Scaphoid fractures are the commonest carpal fracture yet a potentially serious injury resulting in considerable disability (non-union / arthritis) if inadequately treated. Scaphoid fractures are commonly missed partly because the clinical signs are often unimpressive and 25 % of initial XRs will fail to show a scaphoid fracture when there is one. The s caphoid has a poor blood supply which is why even in fit and healthy patients it sometimes fails to heal. Smoking is considered a poor prognostic factor for scaphoid union.
The treatment of a scaphoid fracture depends on the personality of the fracture: displaced, undisplaced, proximal pole vs distal pole vs waist fracture. Your surgeon will discuss the different types with you.
A completely undisplaced scaphoid fracture (difficult to see on XR) can be treated with good success in a plaster. This plaster does not need to include the thumb but the average time in plaster is between 10-12 weeks.
A displaced fracture has a significantly lower union rate and so in these cases surgery may be offered. Surgery is also offered for proximal pole fractures because the blood supply in this region is poor and thence the union rates lower.
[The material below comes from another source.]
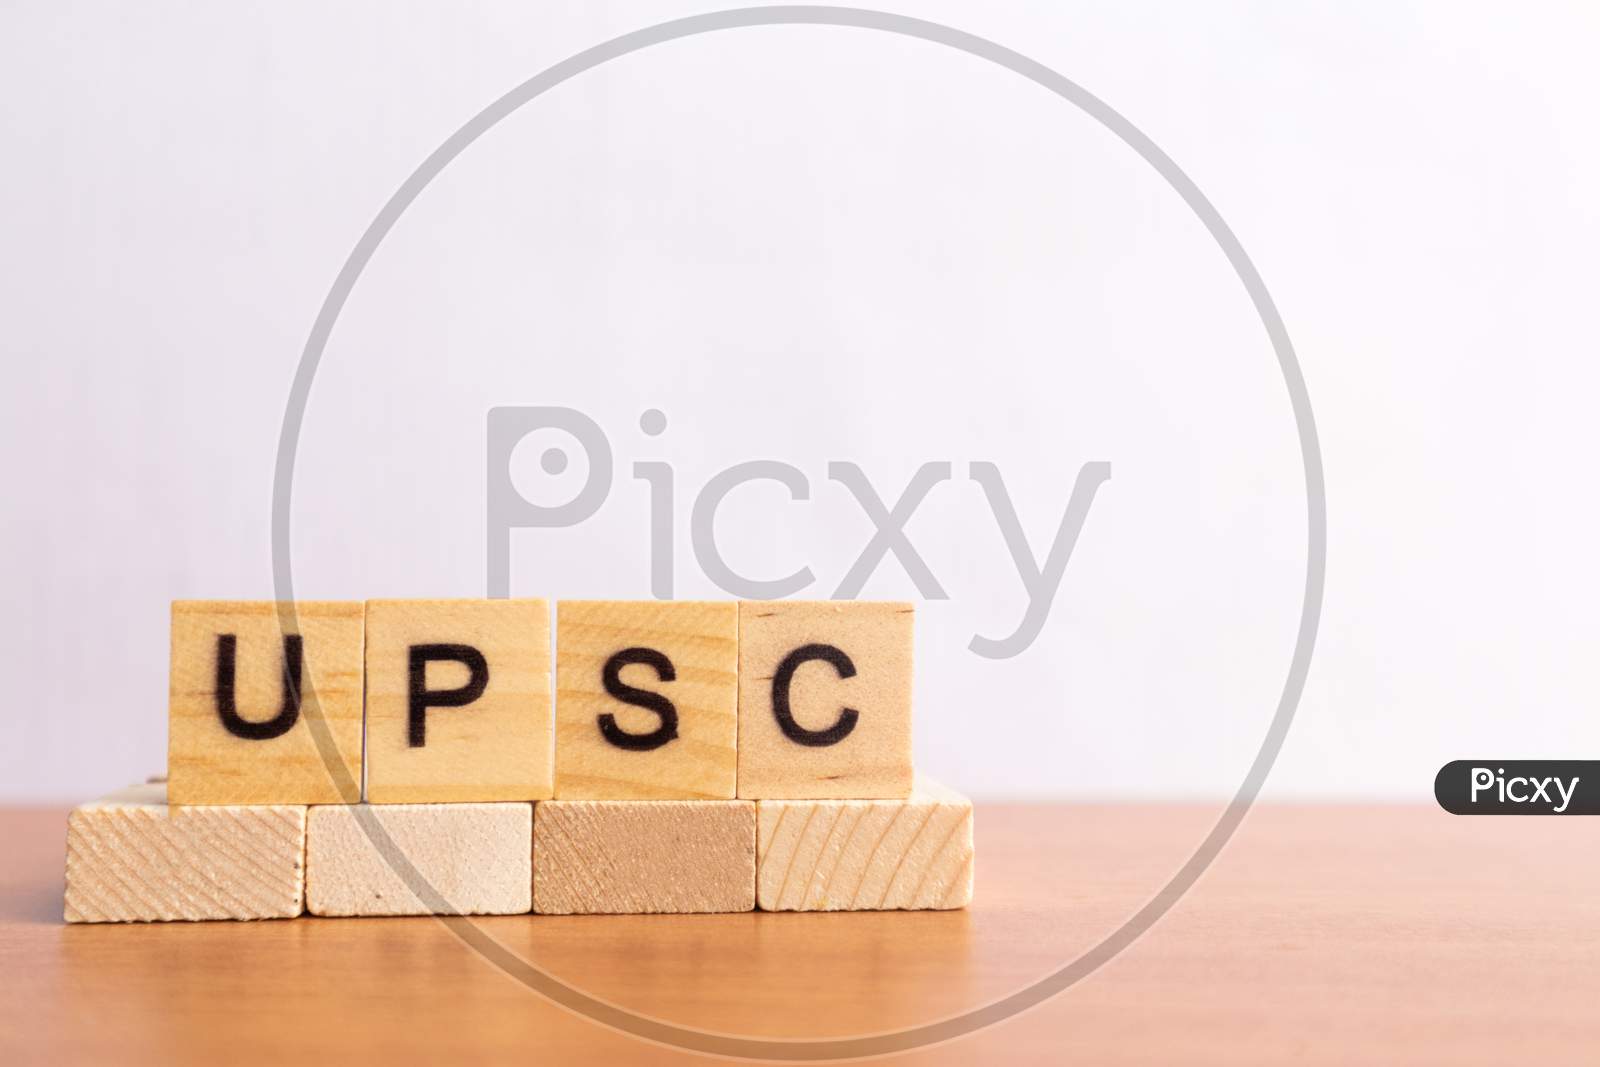 Upsc Or Union Public Service Commission In Wooden Block Letters On Isolated Background

Surgery will entail a general or a regional anaesthetic (wide awake surgery with numbed arm), and then a screw is passed and buried within the substance of the scaphoid.
There is a period of immobilisation thereafter but less than with non-operative treatment. Surgery has a few risks and does not guarantee union. When patients present late with a scaphoid that has not united then it is often necessary to use bone graft (taken from pelvis or back of wrist) as well as screw fixation. Your surgeon will discuss this with you.